Zum höchsten Berg der Welt

 

Mit dem Rennrad auf den Mauna Kea

Wer gar nicht dort ist kann auch nichts vergessen

Wochen vor der Abreise werden Listen geführt. Die Anzahl der Ersatzschläuche, das Vitamin C, das Ladegerät für das Rücklicht – schließlich wird bei Dunkelheit losgefahren – die Sattelstütze und die Unterwäsche, der Ersatz-Fahrradcomputer, der eigene Kopfpolster unverzichtbar in fremden Betten, das Essen für den Monsterflug, mehr als 80 wichtige und weniger wichtige Punkte umfasst die Liste.

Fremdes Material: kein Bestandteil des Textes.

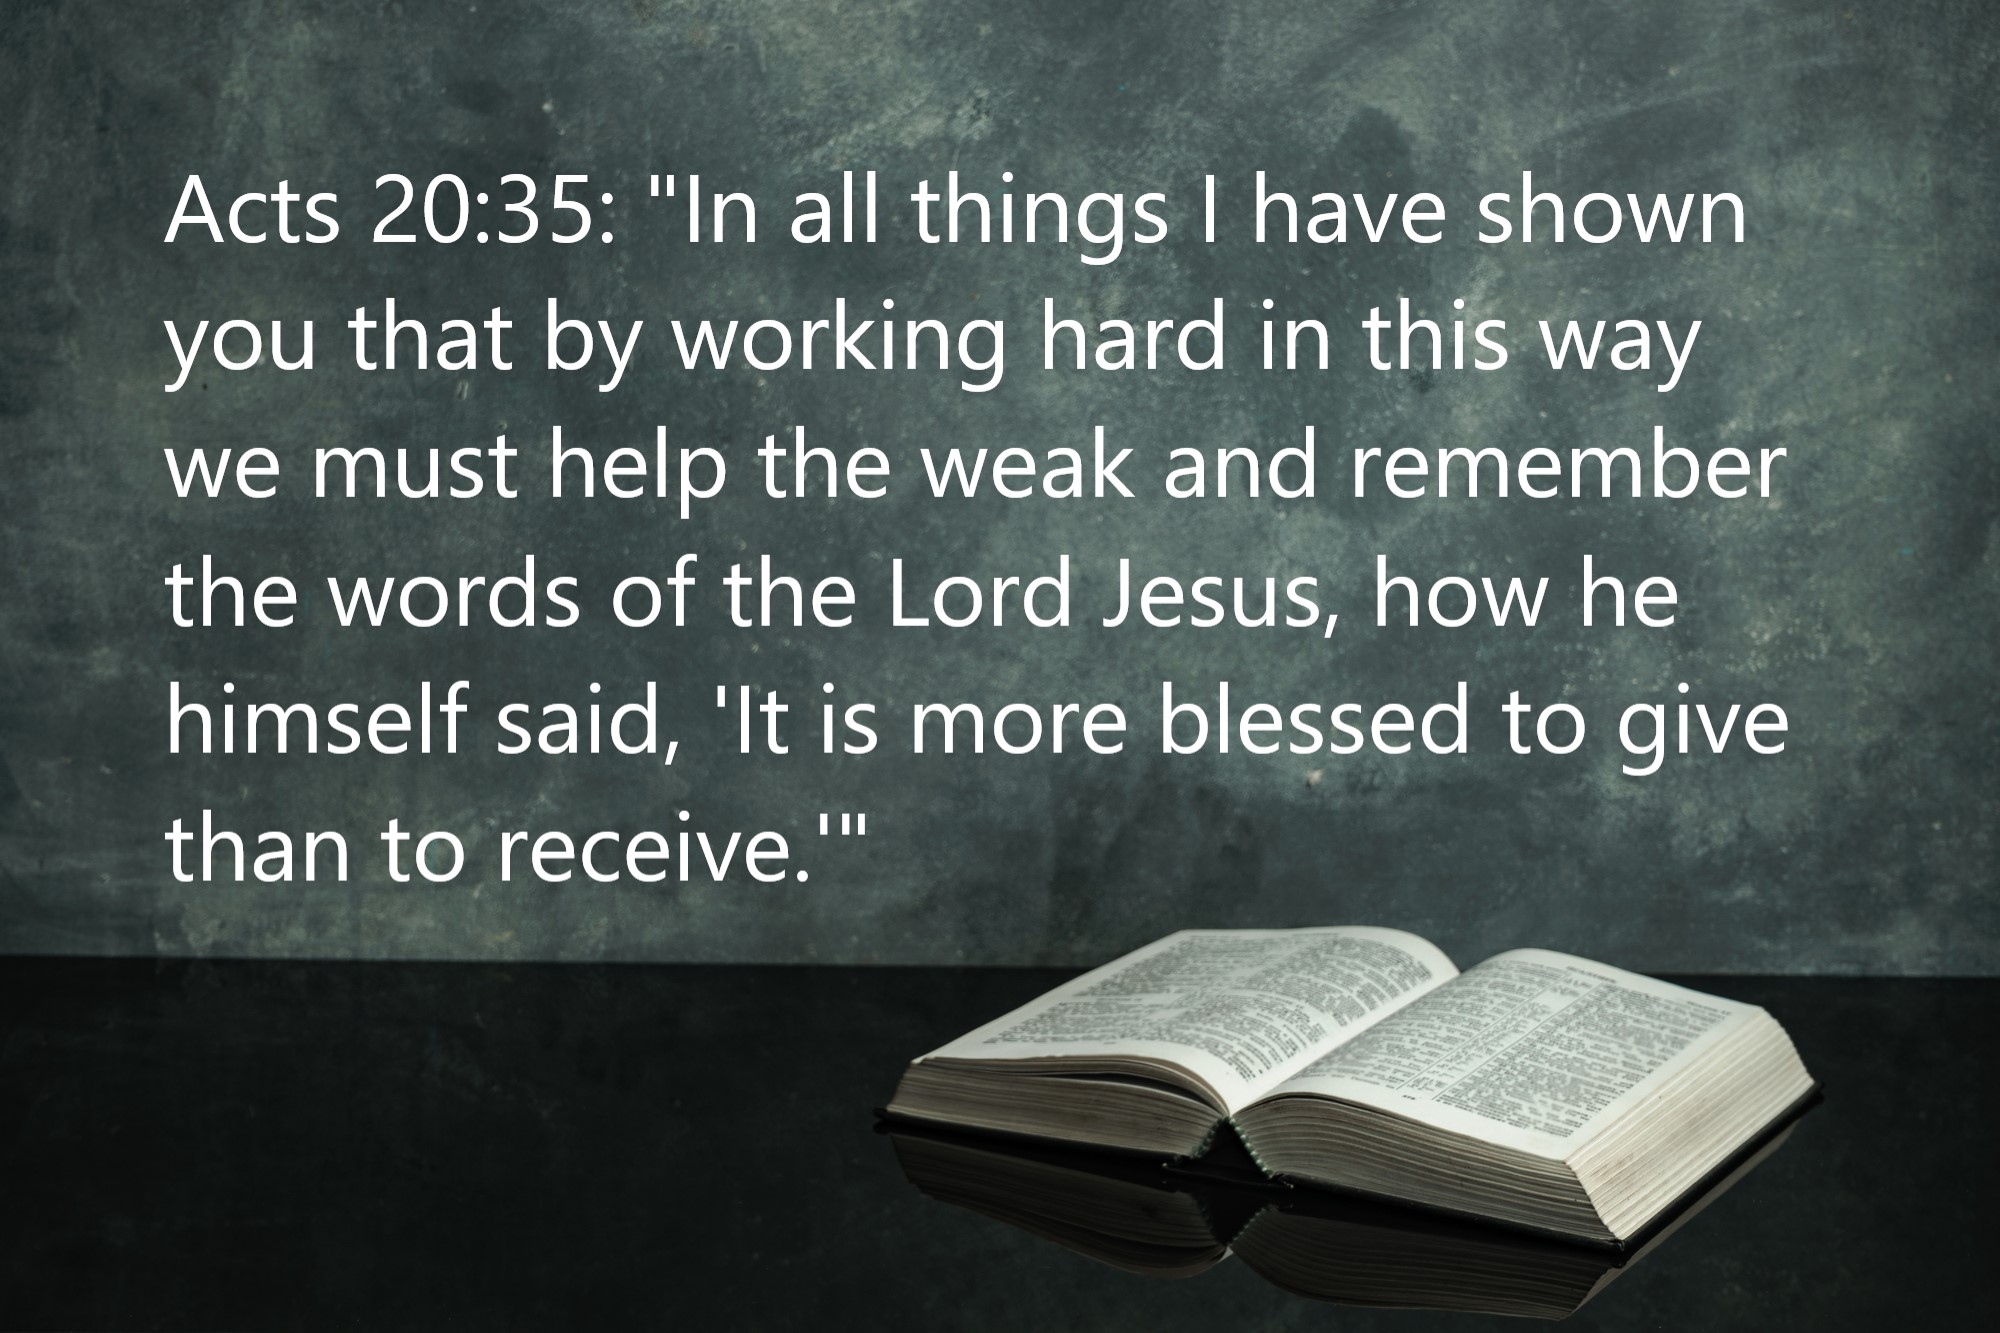 Acts 20:35: "In all things I have shown you that by working hard in this way we must help the weak and remember the words of the Lord Jesus, how he himself said, 'It is more blessed to give than to receive.'"
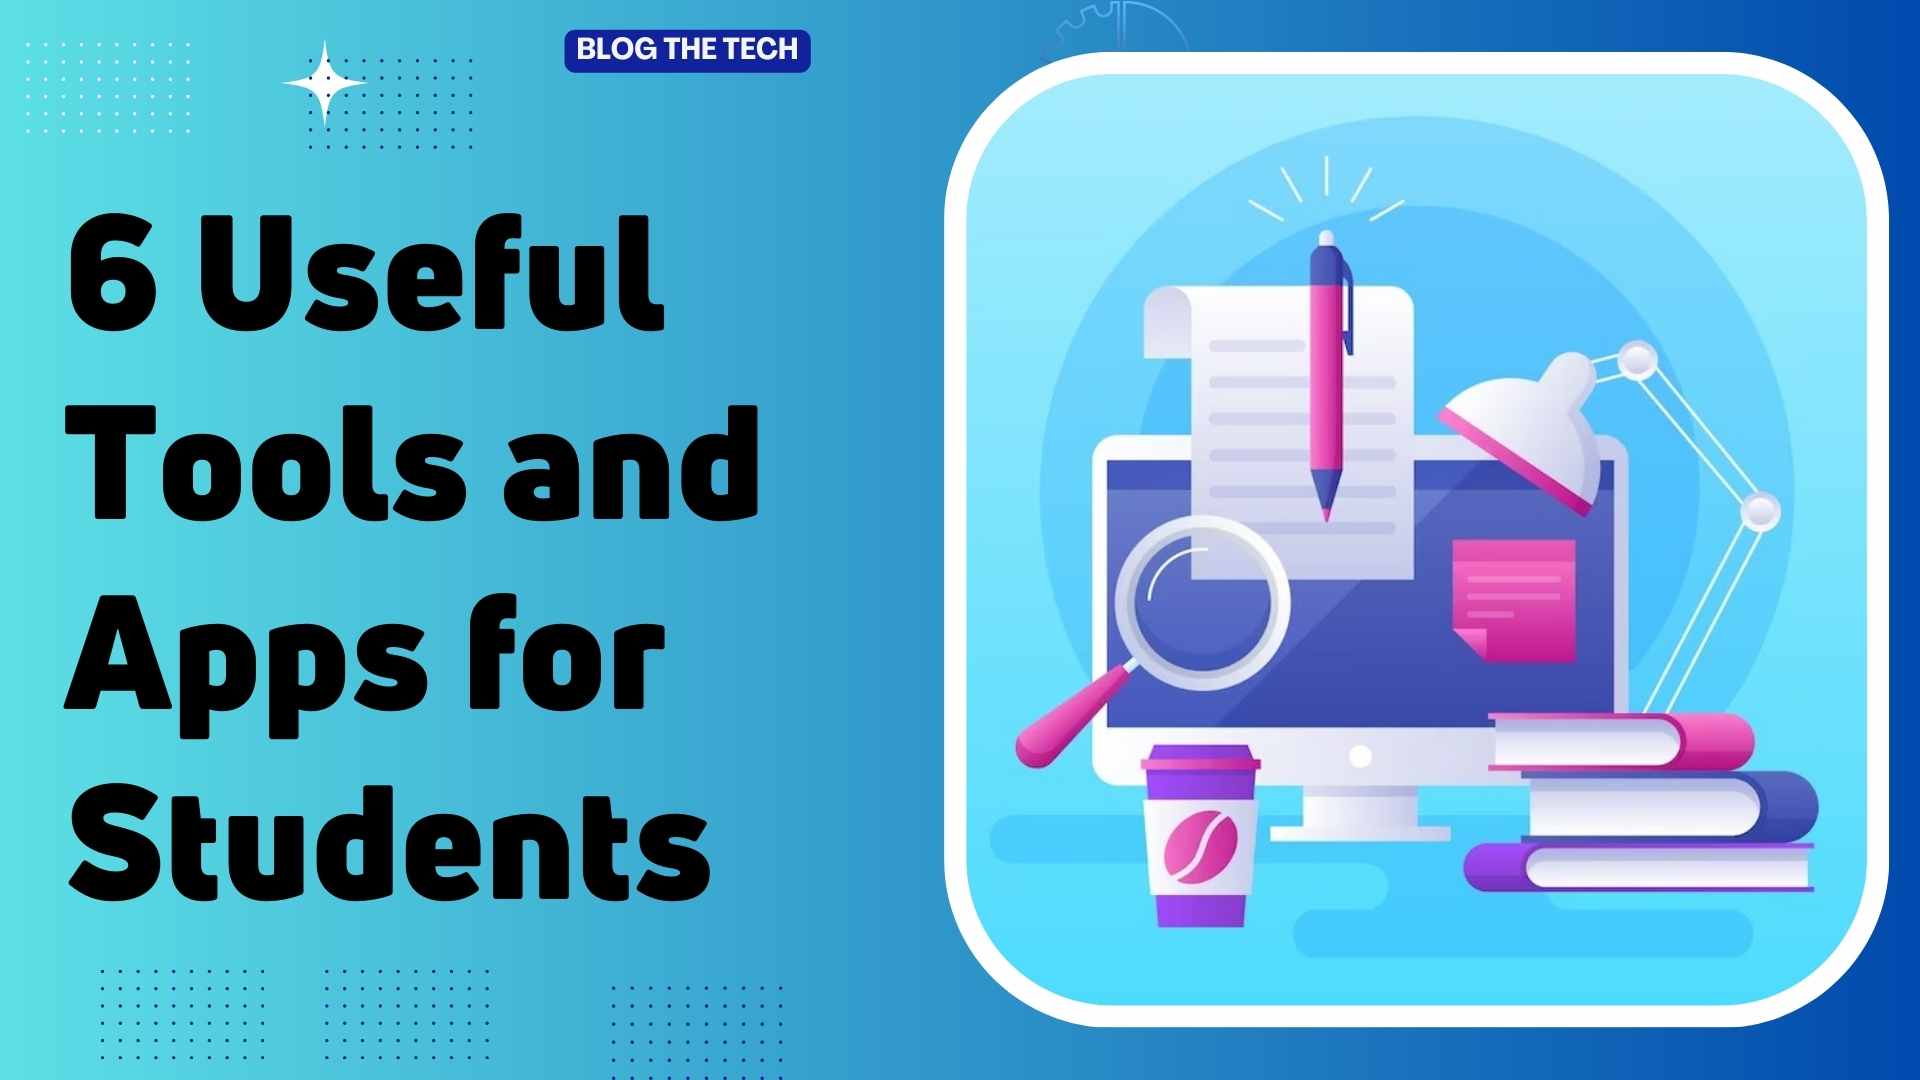 6 Useful Tools and Apps for Students

Natürlich werden das Rennrad und die Reisetasche am Vorabend am Flughafen eingecheckt. Doch diesmal ist das nicht wirklich möglich. Die Beantragung der Einreisegenehmigung in die USA stand nicht auf der Liste. Sie kann aber auch online erfolgen und dafür gibt es ja Smartphones die am Flughafen mit dabei sind. Allerdings wird empfohlen das elektronische Antragsformular 72 Stunden vor dem Check Inn abzusenden, nicht erst 5 Minuten. Aber es kann auch prompt gehen. Also beginnt am Flughafen das Warten auf das Email mit der Einreisegenehmigung. Aber es kommt bis zum Schließen des Schalters nicht. Auf der Fahrt zurück nach Hause werden Varianten durchgespielt. Flug über Tokio, Verschiebung um diese 72 Stunden,… Nach dem Abendessen erfolgt die Abfrage in welchem Status sich denn der Antrag befindet. Es kommt die lapidare Meldung, dass noch keiner gestellt wurde und ein neuer, dies scheint zunächst als Marginalie, 12 Dollar kostet. Für den vor knapp zwei Stunden gestellten wurden aber 85 Dollar bezahlt.

Die folgenden 26 Reisestunden bringen hingegen keinerlei Aufregung und werden mit Lesen, Schreiben, Schlafen und Essen, übrigens hervorragendem Fisch in San Francisco, gefüllt. Der Anstieg auf den Mauna Kea beginnt aber bereits bei der Abreise. 26 Reisestunden bedürfen einer genauen Ernährungsstrategie um zwei Tage danach nicht mit leeren Energiespeichern stehen zu bleiben. Auch das Jet lag von 12 Stunden soll bestmöglich verkraftet werden. Nach der Ankunft in Kona geht es über die Saddle Road an die Ostküste ins Quartier für die ersten Tage.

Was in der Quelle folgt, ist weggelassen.